* [Supplied entries]
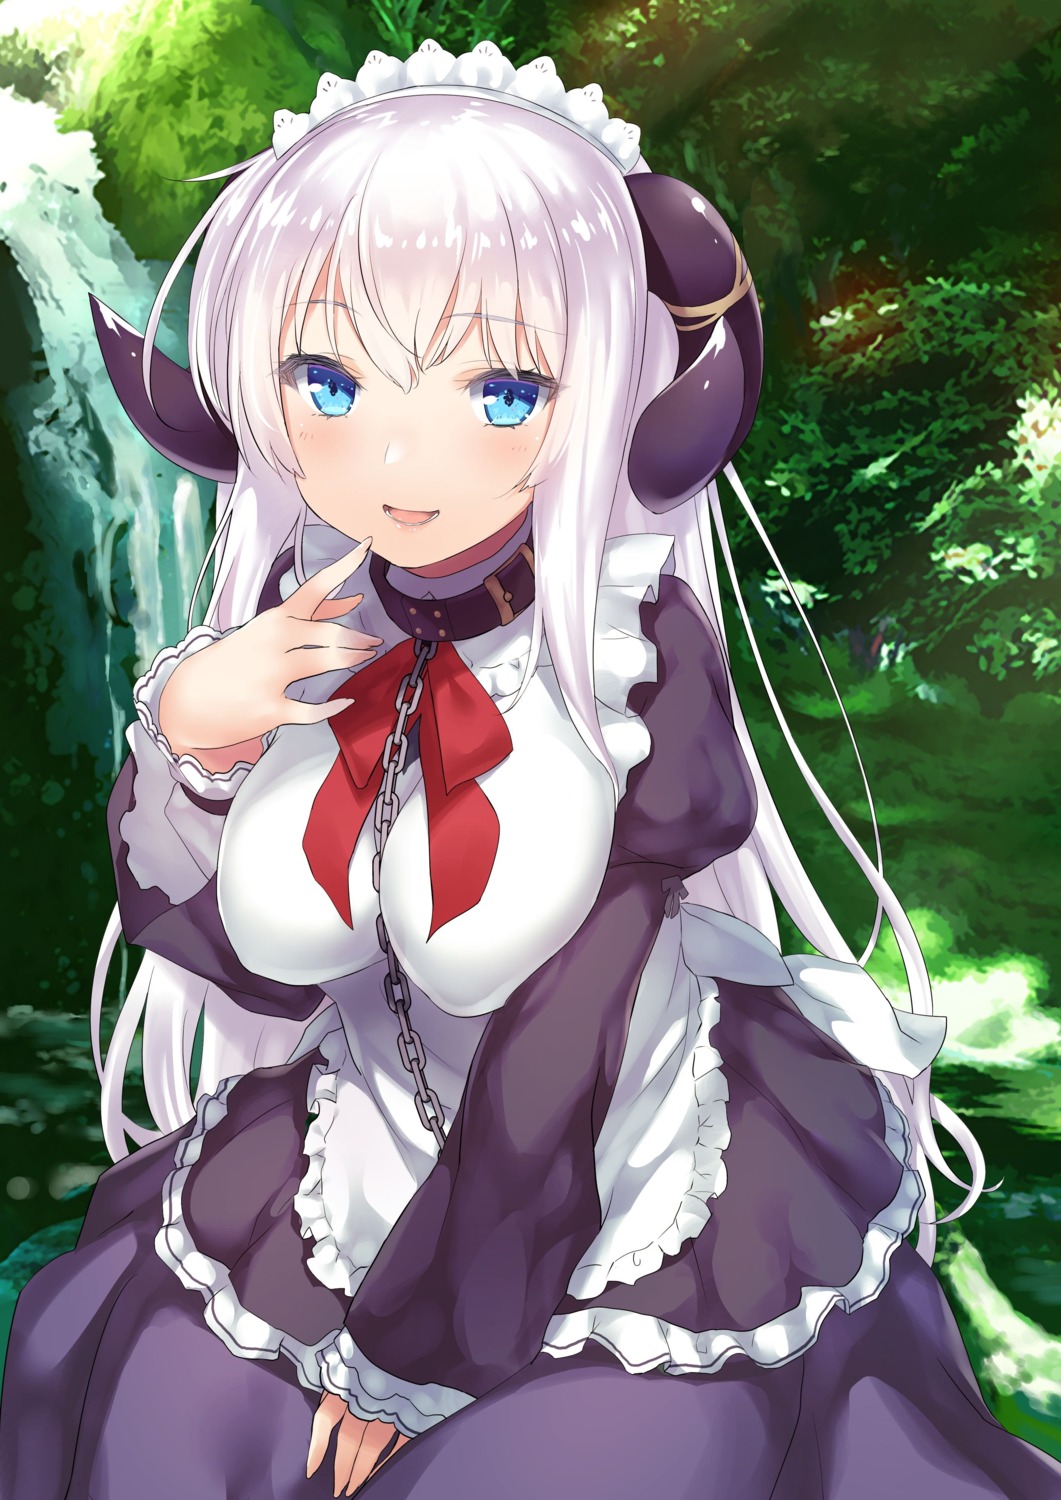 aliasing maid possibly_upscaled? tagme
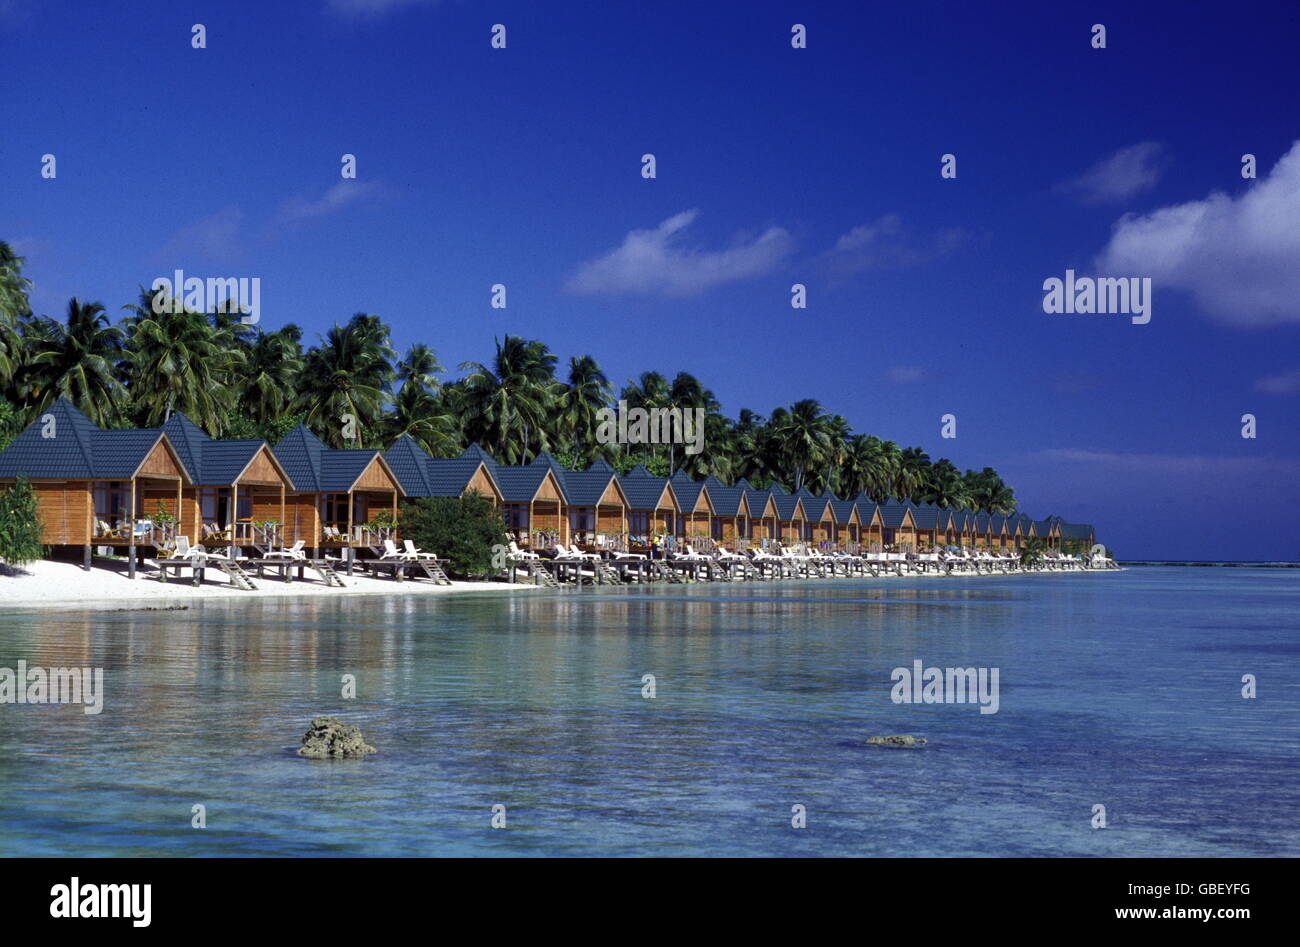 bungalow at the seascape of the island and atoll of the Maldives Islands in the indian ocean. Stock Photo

* * *

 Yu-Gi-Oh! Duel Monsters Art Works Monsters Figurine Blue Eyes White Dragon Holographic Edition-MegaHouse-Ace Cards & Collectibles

* [Assignment] When you reach the line containing "aliasing maid possibly_upscaled? tagme" in the entries above, begin restating word for word, and stop once the line containing "bungalow at the" has been given. Omit the pictures.

* [Solution below]
 aliasing maid possibly_upscaled? tagme
 bungalow at the seascape of the island and atoll of the Maldives Islands in the indian ocean. Stock Photo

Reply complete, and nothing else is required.